How much accuracy do you lose with higher rep sets?

The further a max reps set is from a true 1RM, the more the model has to extrapolate to provide an estimate. This extrapolation causes uncertainty in the 1RM estimates to compound. This is intuitive; predicting the weather a few hours from now isn’t impressive, but forecasting days or weeks in advance is much harder and carries a lot more uncertainty because of the added time for conditions to stray from your expectations.

Same idea here. Heavy sets where only 2–5 reps are completed are more representative of what your 1RM actually is.

Code
set.seed(2534)

rep_count_plot_athlete <- 6

rep_count_plot_athlete_data <- train |>
  filter(athlete == rep_count_plot_athlete) |>
  mutate(
    rep_bin = case_when(
      reps <= 5 ~ "low",
      reps <= 10 ~ "mid",
      TRUE ~ "high"
    )
  ) |>
  group_by(rep_bin) |>
  slice_sample(n = 1) |>
  ungroup()

rep_count_plot_athlete_1RM <- rep_count_plot_athlete_data$orm[1]

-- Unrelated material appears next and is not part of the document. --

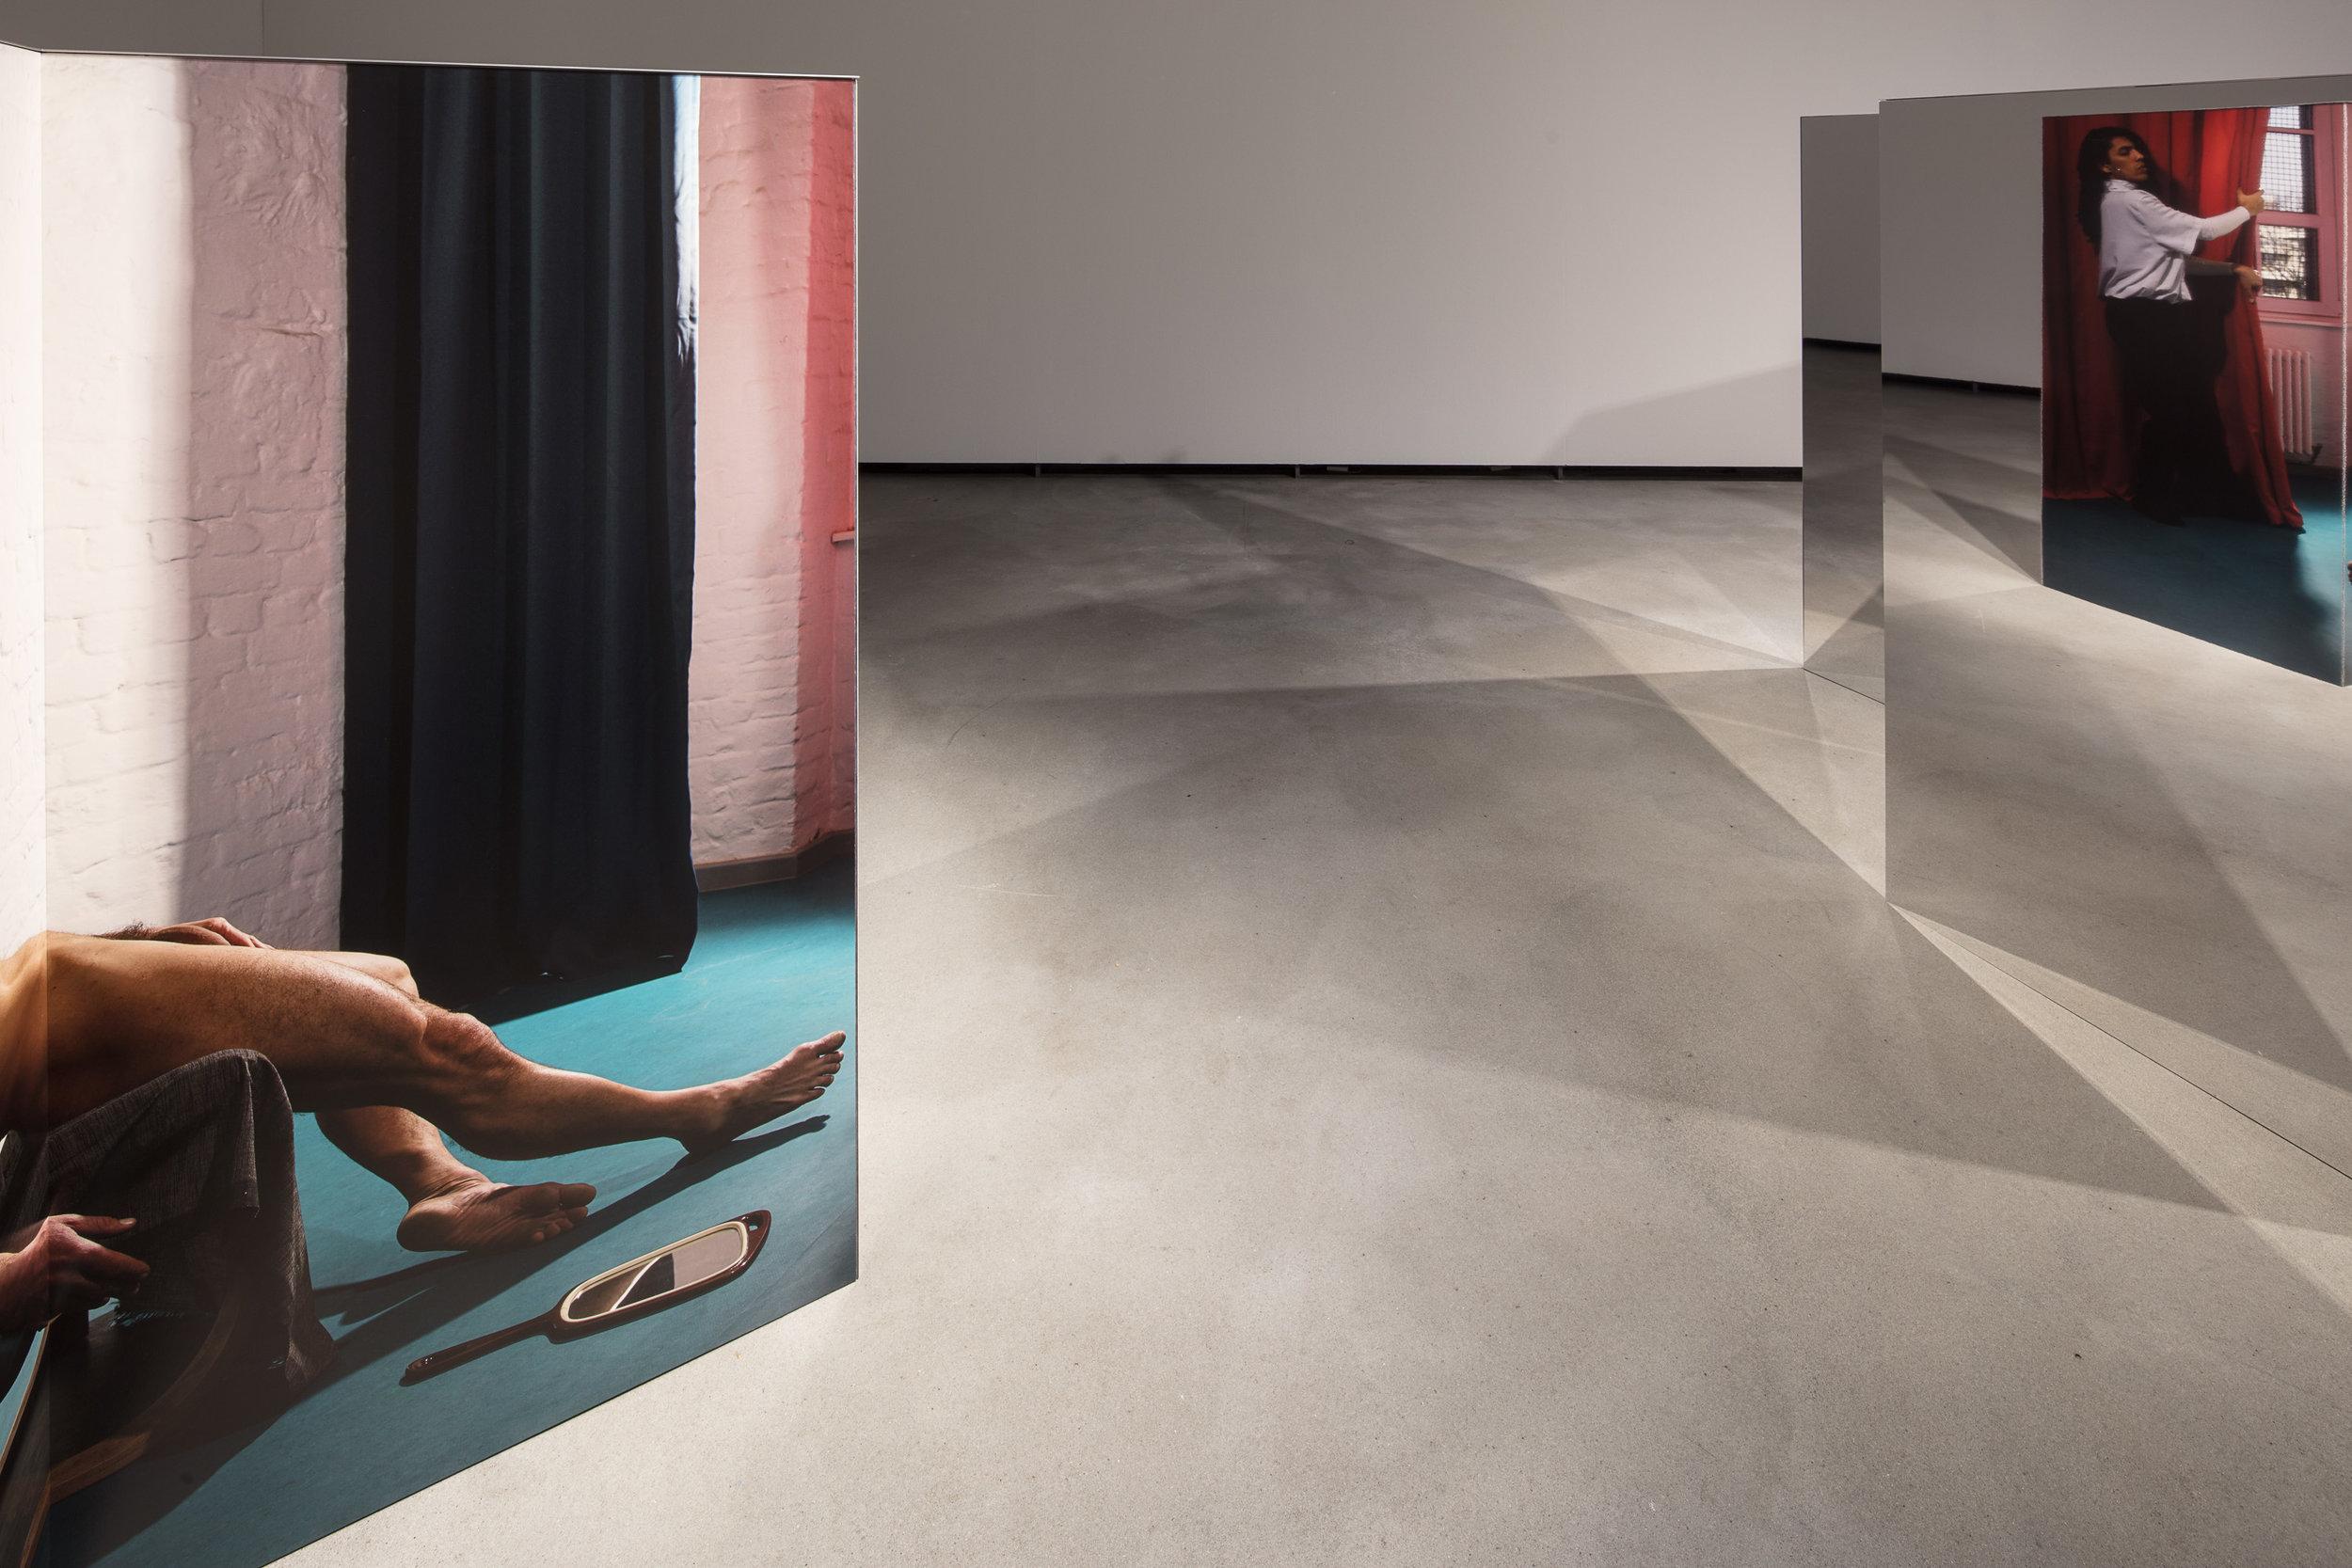 4.Changing Room, Installation view Künsterlhaus Bethanien, archival pigment print on AluDibond, mirror, aluminium, 2017

rep_count_plot_data <- rep_count_plot_athlete_data |>
  pmap_dfr(\(reps, weight, ...) {
    estimate_1rm(
      modified_epley_model_fit,
      athlete_id = rep_count_plot_athlete,
      weight = weight,
      reps = reps
    ) |>
      mutate(scenario = paste0(reps, " reps @ ", round(weight, 0), units))
  }) |>
  mutate(scenario = fct_reorder(scenario, parse_number(scenario)))

scenario_levels <- levels(factor(rep_count_plot_data$scenario))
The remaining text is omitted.